Today the Blackstone Valley is going through another revolution.
However, this revolution is not about the water-powered textile
factories, it is a revolution of people reclaiming their landscape,
river, and built environment, to create positive community change
through implementing sustainable tourism development principles.
The Council is now focusing its work on more riverfront development,
the development of cultural events, operating a floating bed and
breakfast, directing a one-day, 1,200 person motorcoach tour for
residents, managing two visitor information centers, increasing
profitability of the Blackstone Valley's visitor resources, affiliating
with the Keep America Beautiful program to continue the clean-up and
green-up the Blackstone Valley by creating a healthy landscape,
increasing river education programs for younger audiences and creating
new, visitor programs for our over 55 years of age Elderhostel groups,
and of course, working to expand international relationships.

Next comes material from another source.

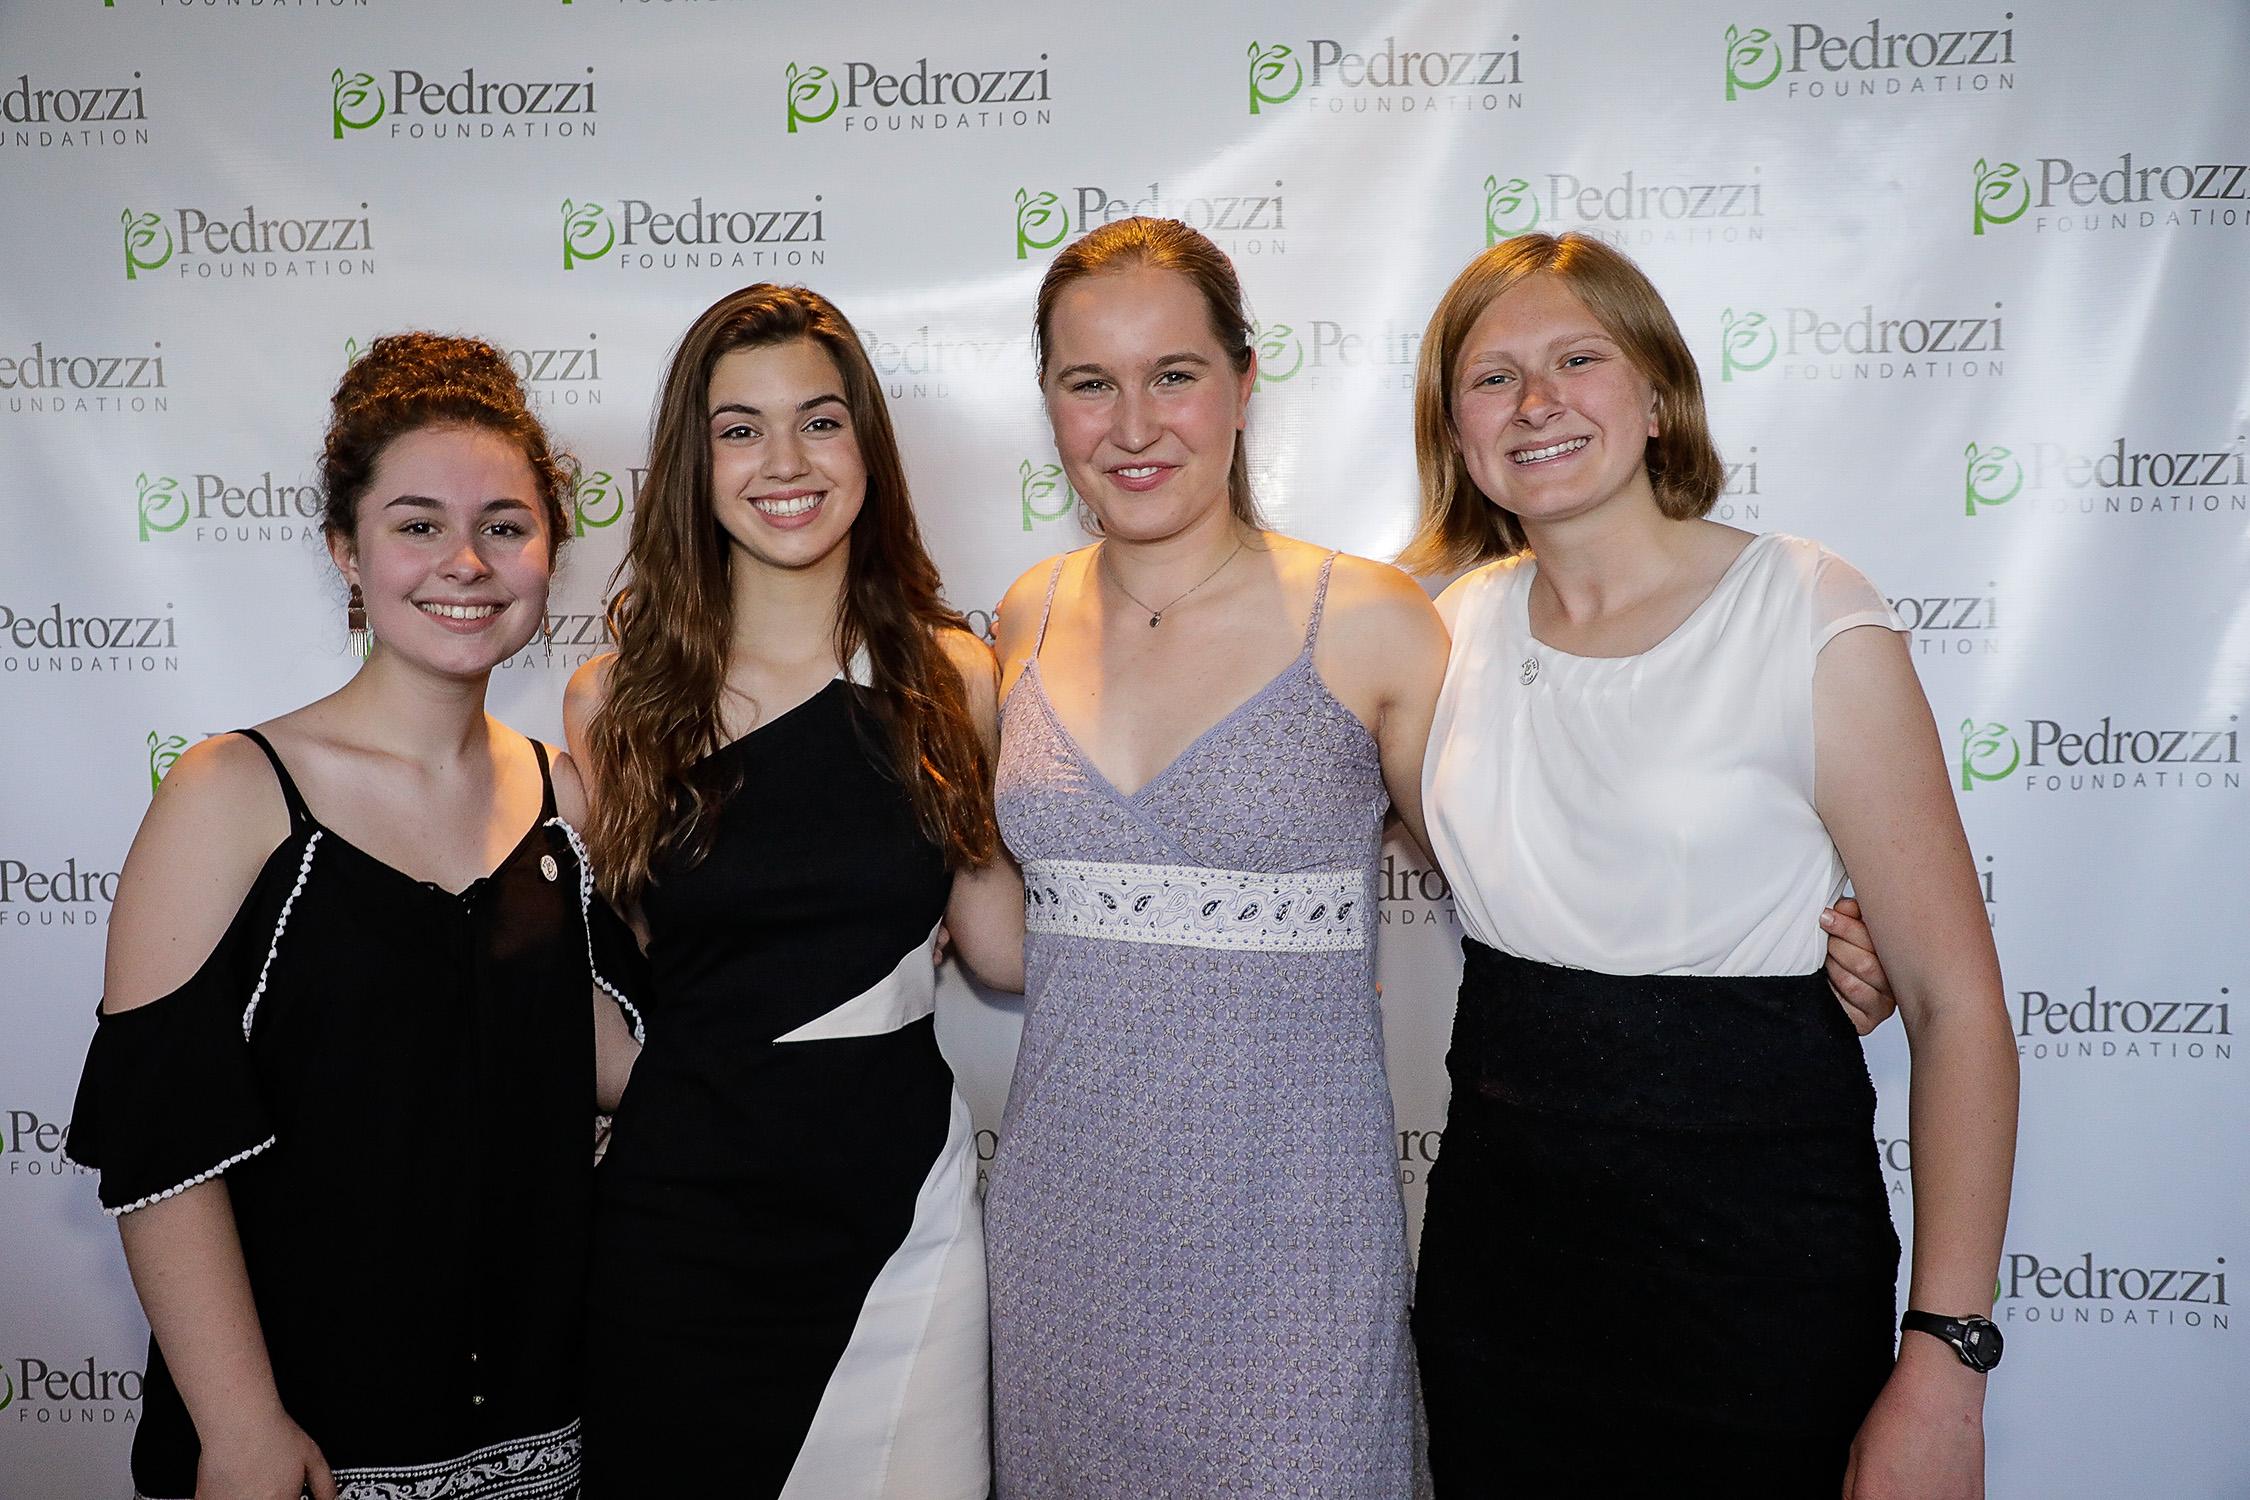 2019 Recognition Event Photos

The Blackstone Valley Tourism Council is a small organization with a
large mission and has just approved its 23rd Annual Budget. This fiscal
year, the Tourism Council is turning its attention to the work of
developing and adopting a sustainable tourism development plan for the
State of Rhode Island, which will begin with a conference on
VolunTourism on June 27.
While the Blackstone Valley Tourism Council has written a proposal
for statewide sustainable tourism development in 2005, we look to the
UNWTO for leadership and expertise in tourism sustainability, governance
and tourism policy, as we work to make Rhode Island more attractive to
residents and visitors, and to make our state the first sustainable
tourism state in the United States.
The Council would like to share what is has learned from our
successes and our failures with other destinations around the world,
through the Sustainable Tourism Planning and Development Laboratory by
showing the application of the principles of tourism destination
development. This recognition today will help the Blackstone Valley
Tourism Council speak even more clearly about excellence in destination
management. Our Tourism Laboratory uses the Blackstone River Valley as
an experiential learning environment where sustainable tourism
principles are practiced, experimented with and implemented. The
continuous work on design and implementation of programs for the
achievement of tourism excellence in the industrialized Blackstone
Valley make it an ideal location for this type of study. The goal is to
share the concepts and strategies that have regenerated the Blackstone
Valley and urge them to be replicated anywhere in the world.
This recognition will strengthen how our colleagues in government and
the private tourism industry perceive tourism. We plan to employ further
the principles of the UNWTO to assist the US tourism industry to learn
to expect even more corporate and government responsibility in their
work.
The Tourism Council will continue to seek excellence, by continuing
to improve its policies, procedures and programs in destination
management. Again, this recognition and future collaborations with the
UNWTO, increases our responsibility to tourism worldwide.
In closing, I would like to thank my children and my wife JoAnne, who
has traveled with me as I receive this honor on behalf of the Blackstone
Valley Tourism Council, and thank her for her years of support as the
Tourism Council was brought along from its infancy. I thank my very
dedicated staff of professionals, some of who have been supporting me
for over 18 years, and I thank my long-time supportive Board of
Directors, especially my Chairman who has taught me so much about
tourism development.
The Blackstone Valley Tourism Council admires and respects greatly
the work of the UNWTO. This award is considered a milestone in our
history and will take a place of honor in our tourism headquarters in
Rhode Island. The World Tourism Organization recognizing our work
humbles us. We look forward to sharing this wonderful experience today,
and taking the message of the UNWTO to our colleagues in the US and look
to working even more closely with your agency in the future.
Thank you so much for this recognition and good day.